**PROMPT**. In the entries below, find the line with "jackie robinson ballpark entrance" and the line with "B-Leuchten Delta LED-hengelampe, aluminium". Print those two and everything between them exactly, and nothing else.

**SUPPLIED RECORDS**.

━━━━━━━━

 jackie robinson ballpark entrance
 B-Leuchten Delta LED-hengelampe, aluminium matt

━━━━━━━━

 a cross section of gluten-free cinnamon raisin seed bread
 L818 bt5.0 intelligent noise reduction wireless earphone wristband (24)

━━━━━━━━

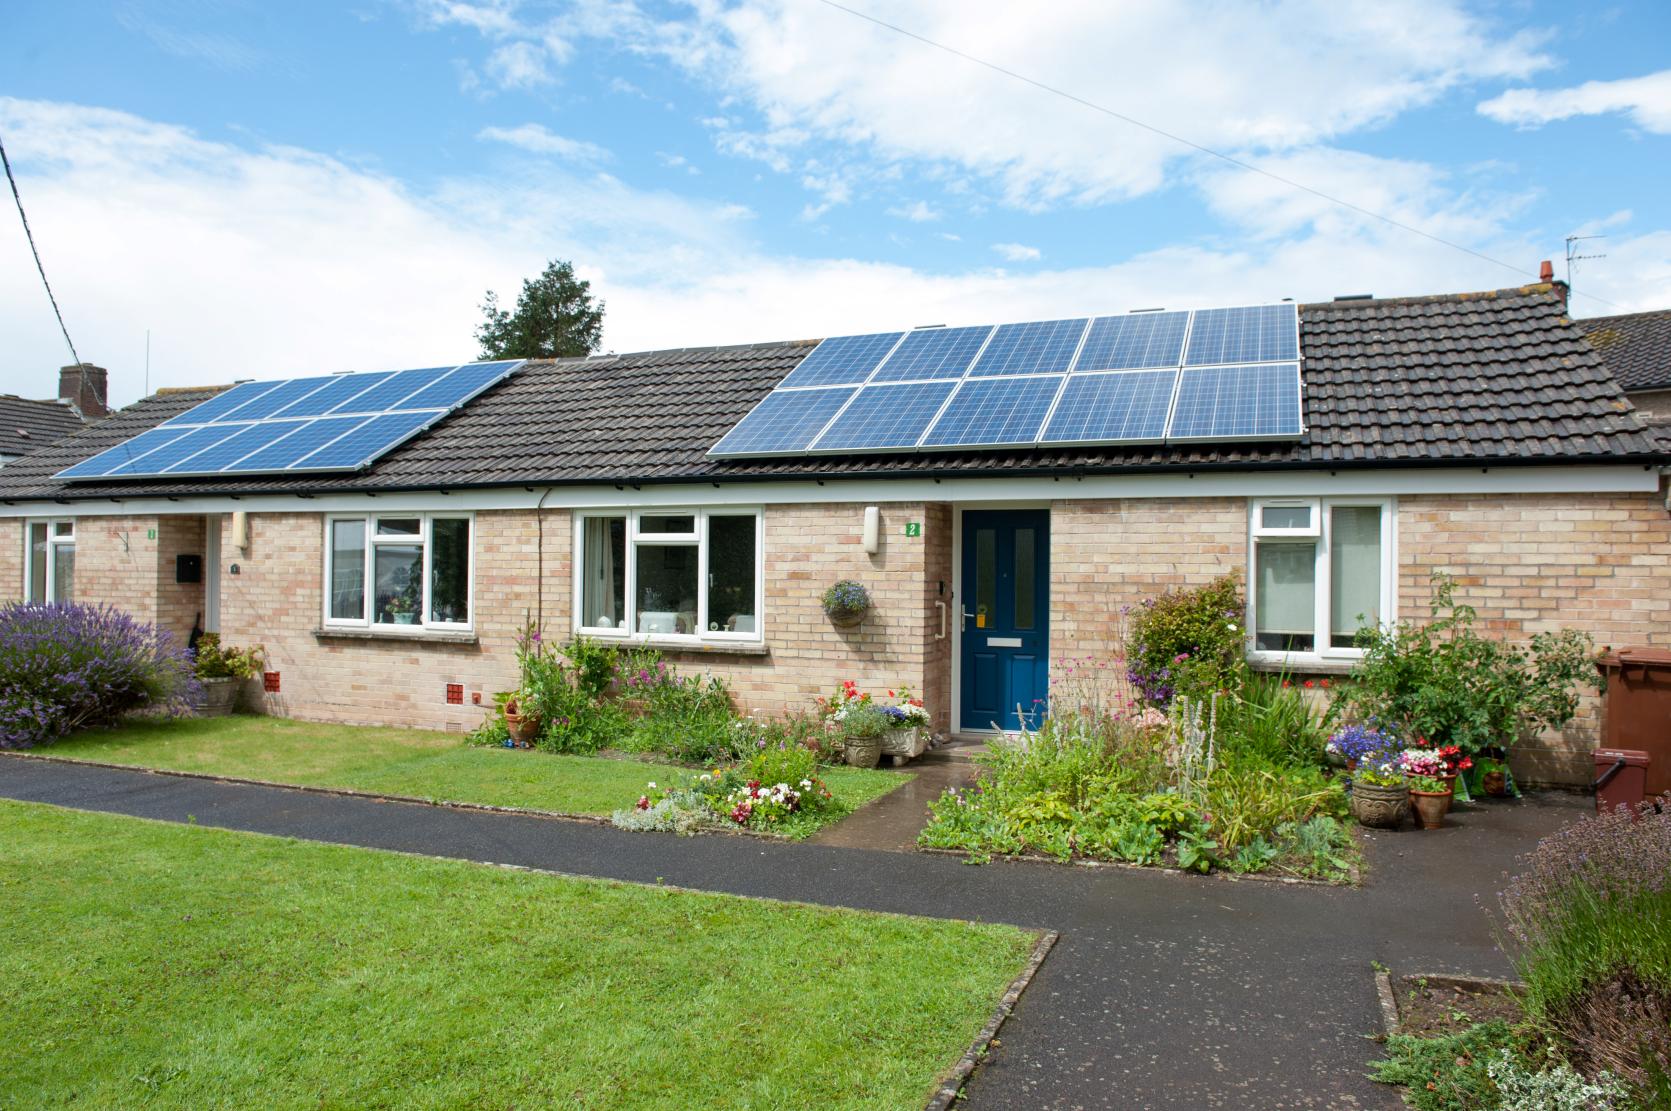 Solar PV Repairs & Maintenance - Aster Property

━━━━━━━━

**WRITTEN REPLY**.
 jackie robinson ballpark entrance
 B-Leuchten Delta LED-hengelampe, aluminium matt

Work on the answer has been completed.